WHAT IS NEEDED:
Once you find the line with "Free Printable ABC" in the entries below, print it and each line after it up to and including the line with "Domain creation in Bluehost", exactly, without pictures.

DATA PROVIDED:
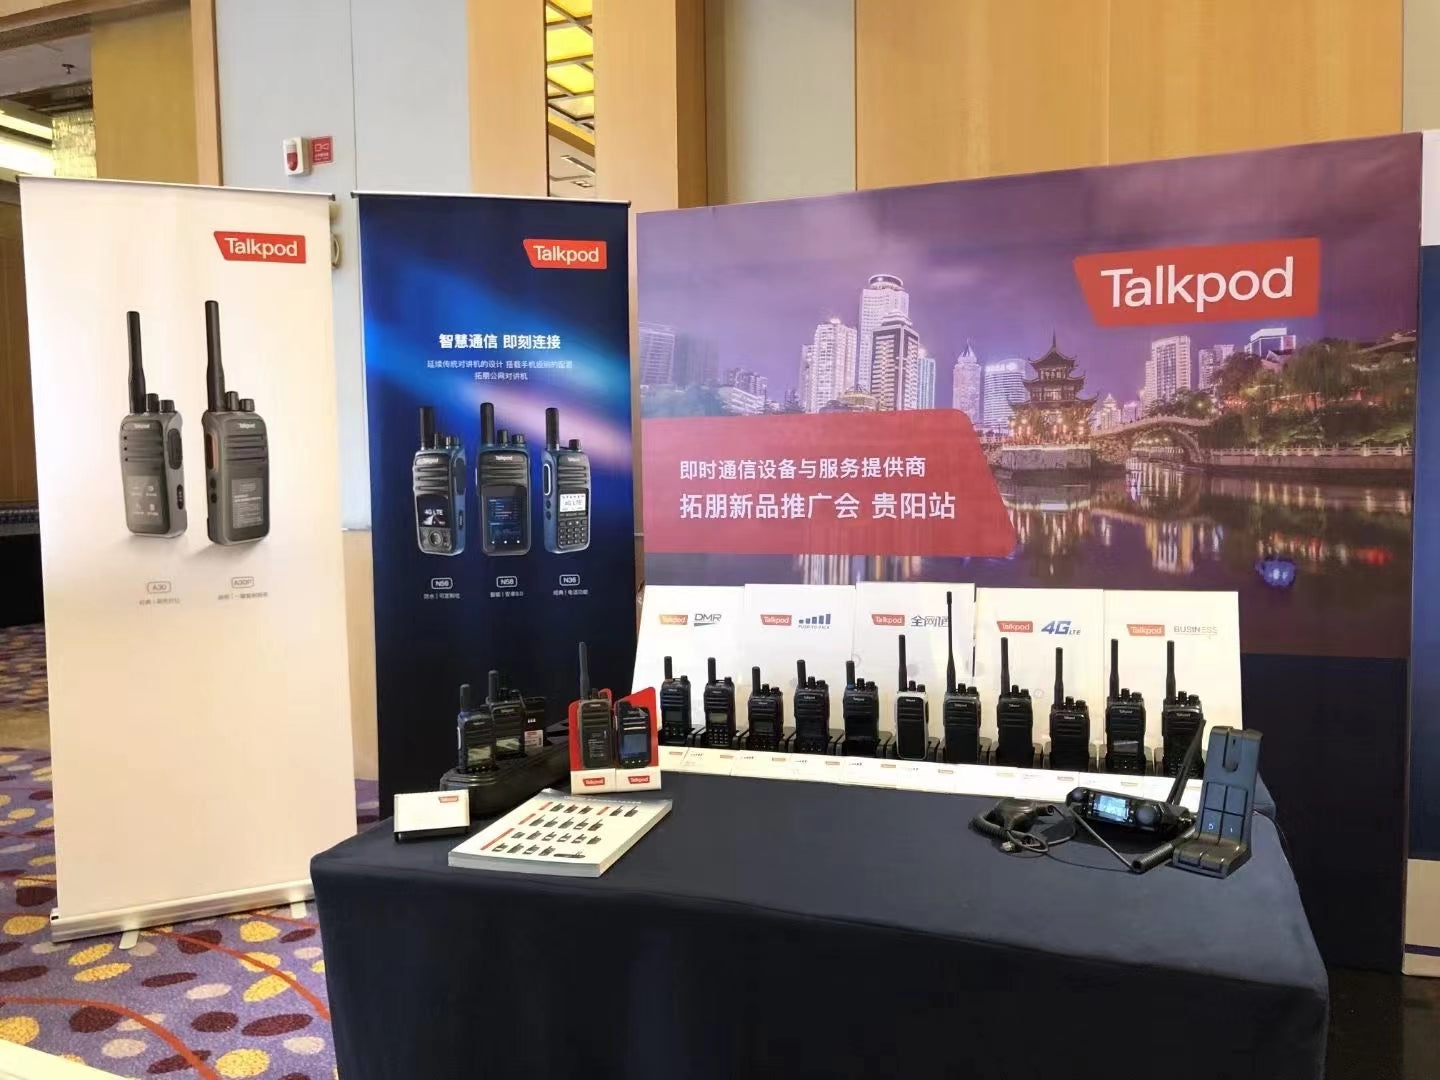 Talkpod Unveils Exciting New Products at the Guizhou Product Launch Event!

...

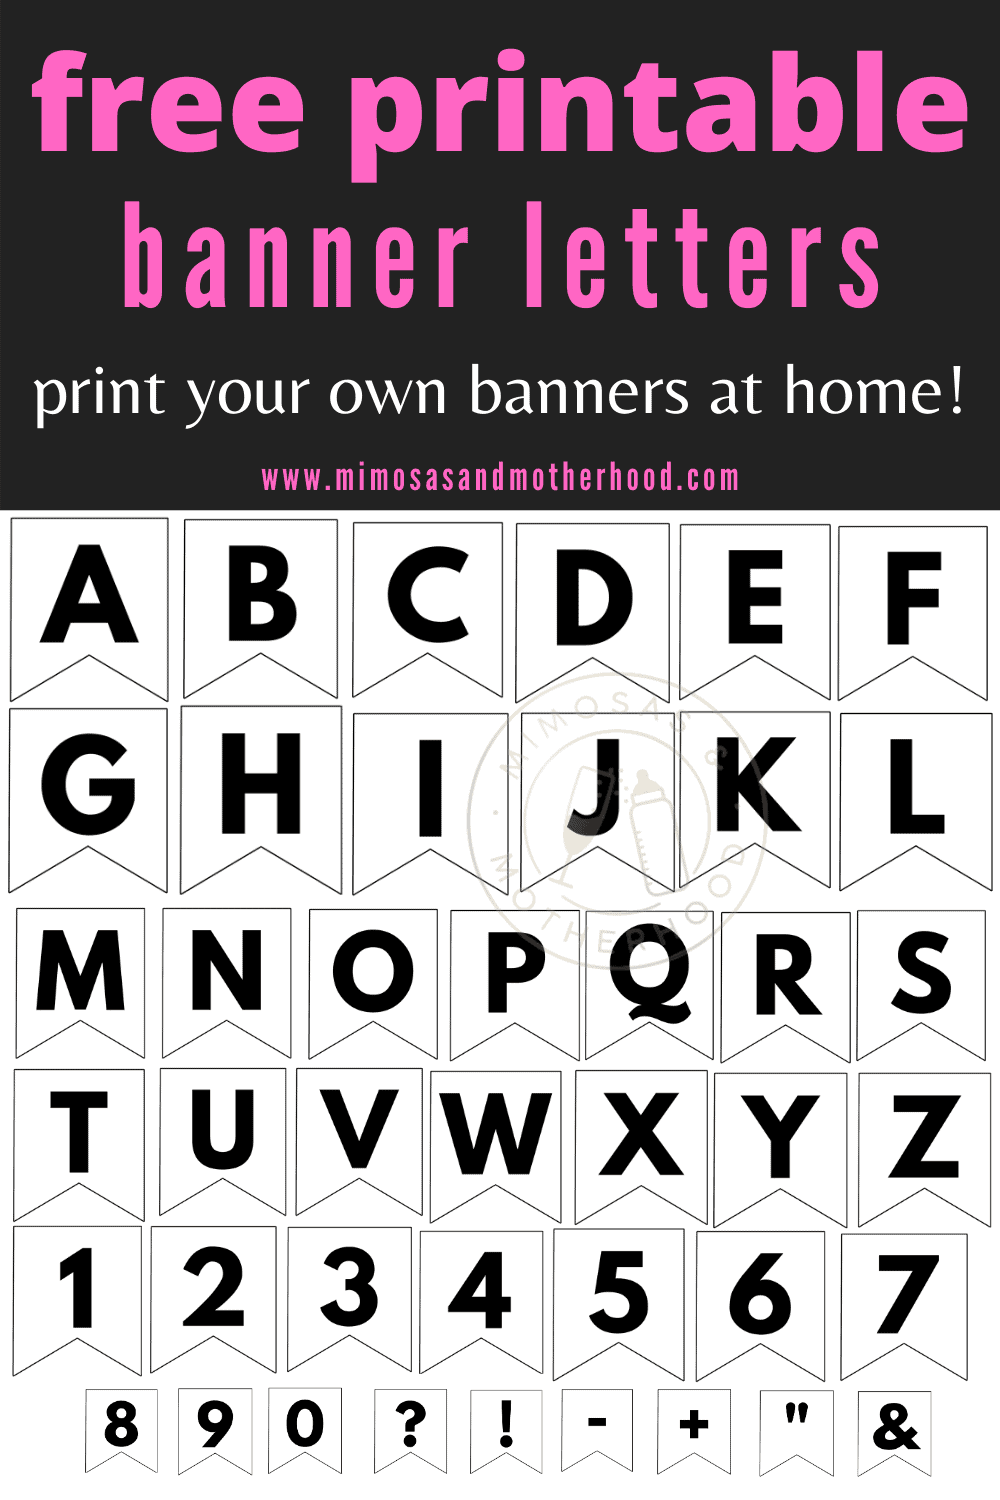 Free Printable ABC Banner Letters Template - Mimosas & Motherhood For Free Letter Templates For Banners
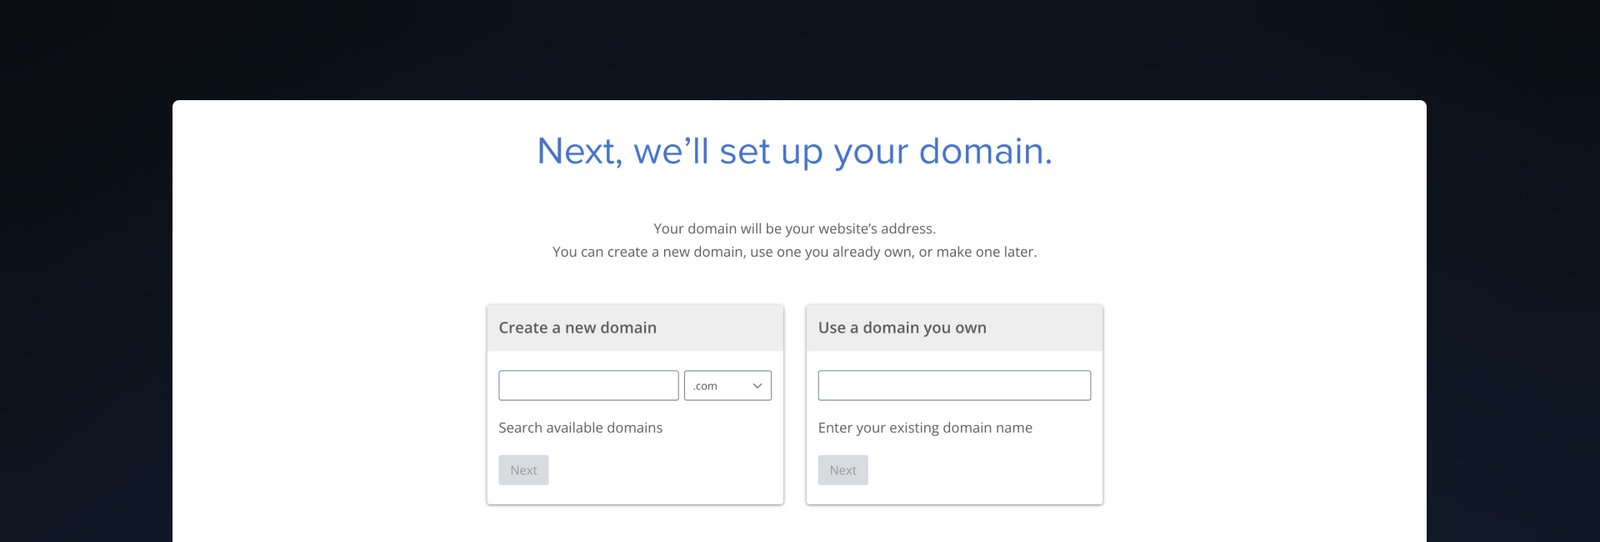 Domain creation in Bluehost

...

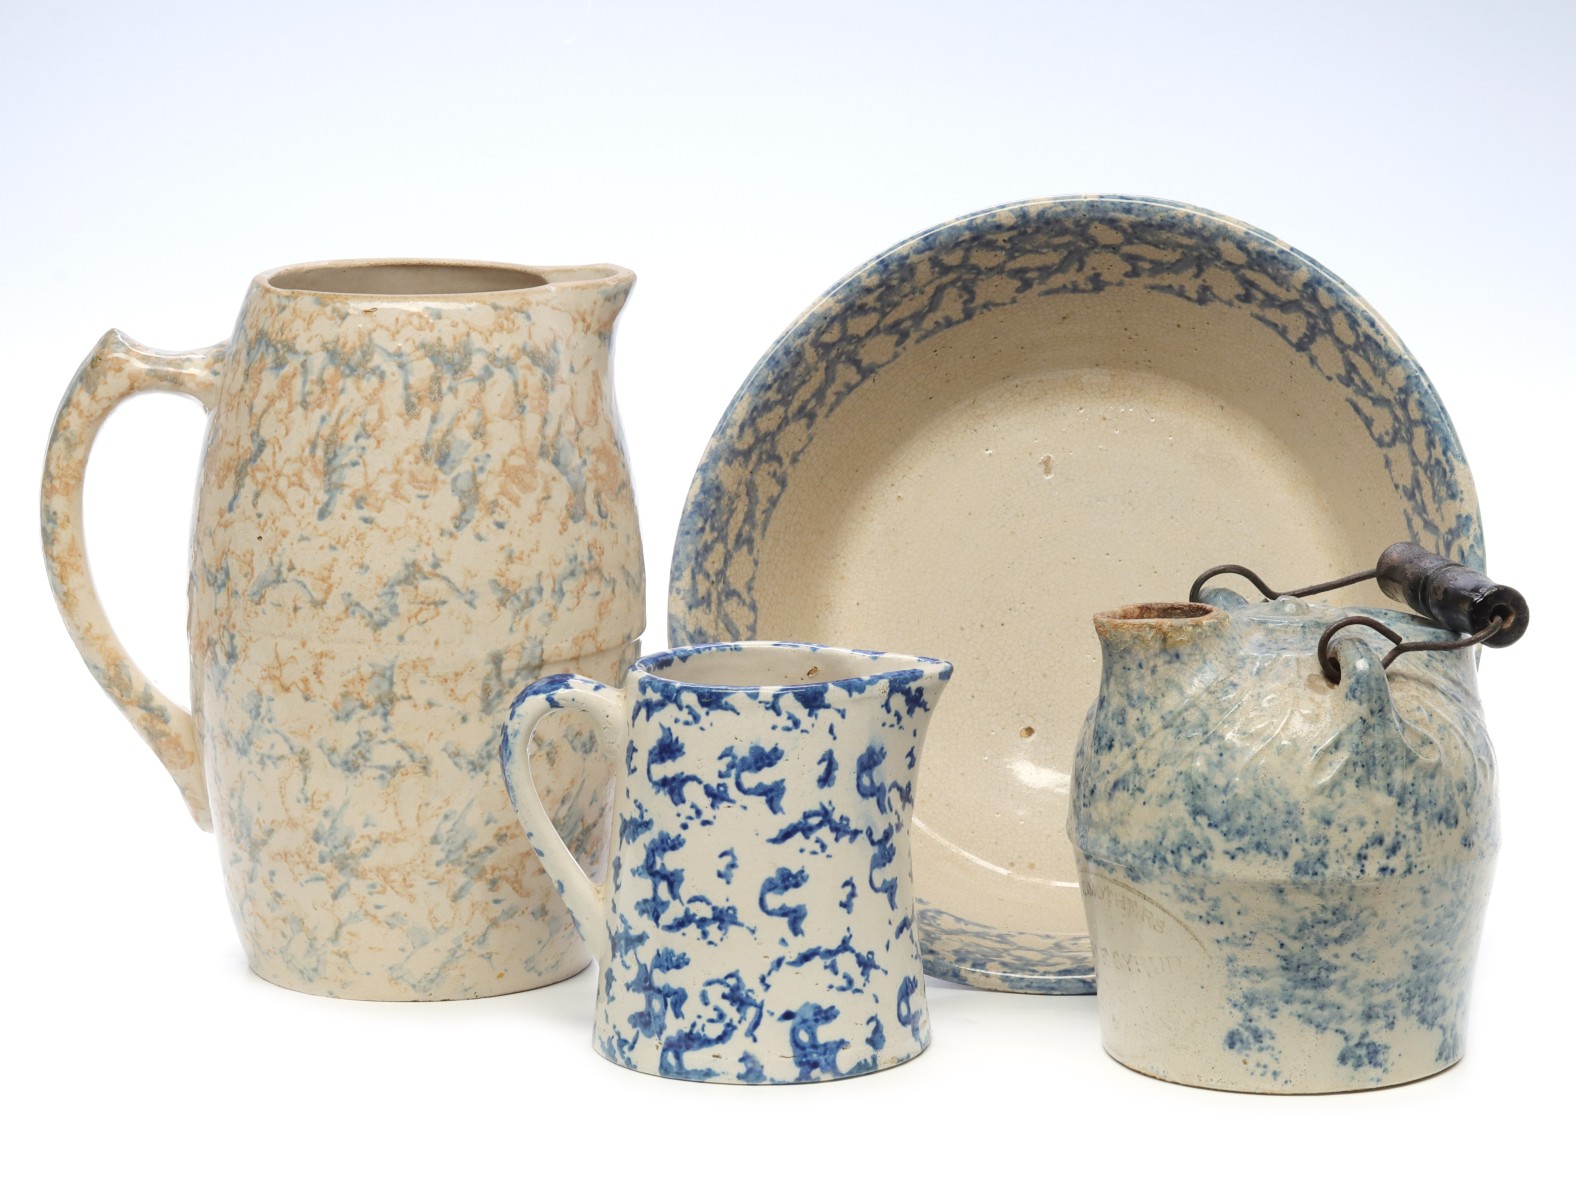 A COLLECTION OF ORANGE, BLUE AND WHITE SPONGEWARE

YOUR RESPONSE:
 Free Printable ABC Banner Letters Template - Mimosas & Motherhood For Free Letter Templates For Banners
 Domain creation in Bluehost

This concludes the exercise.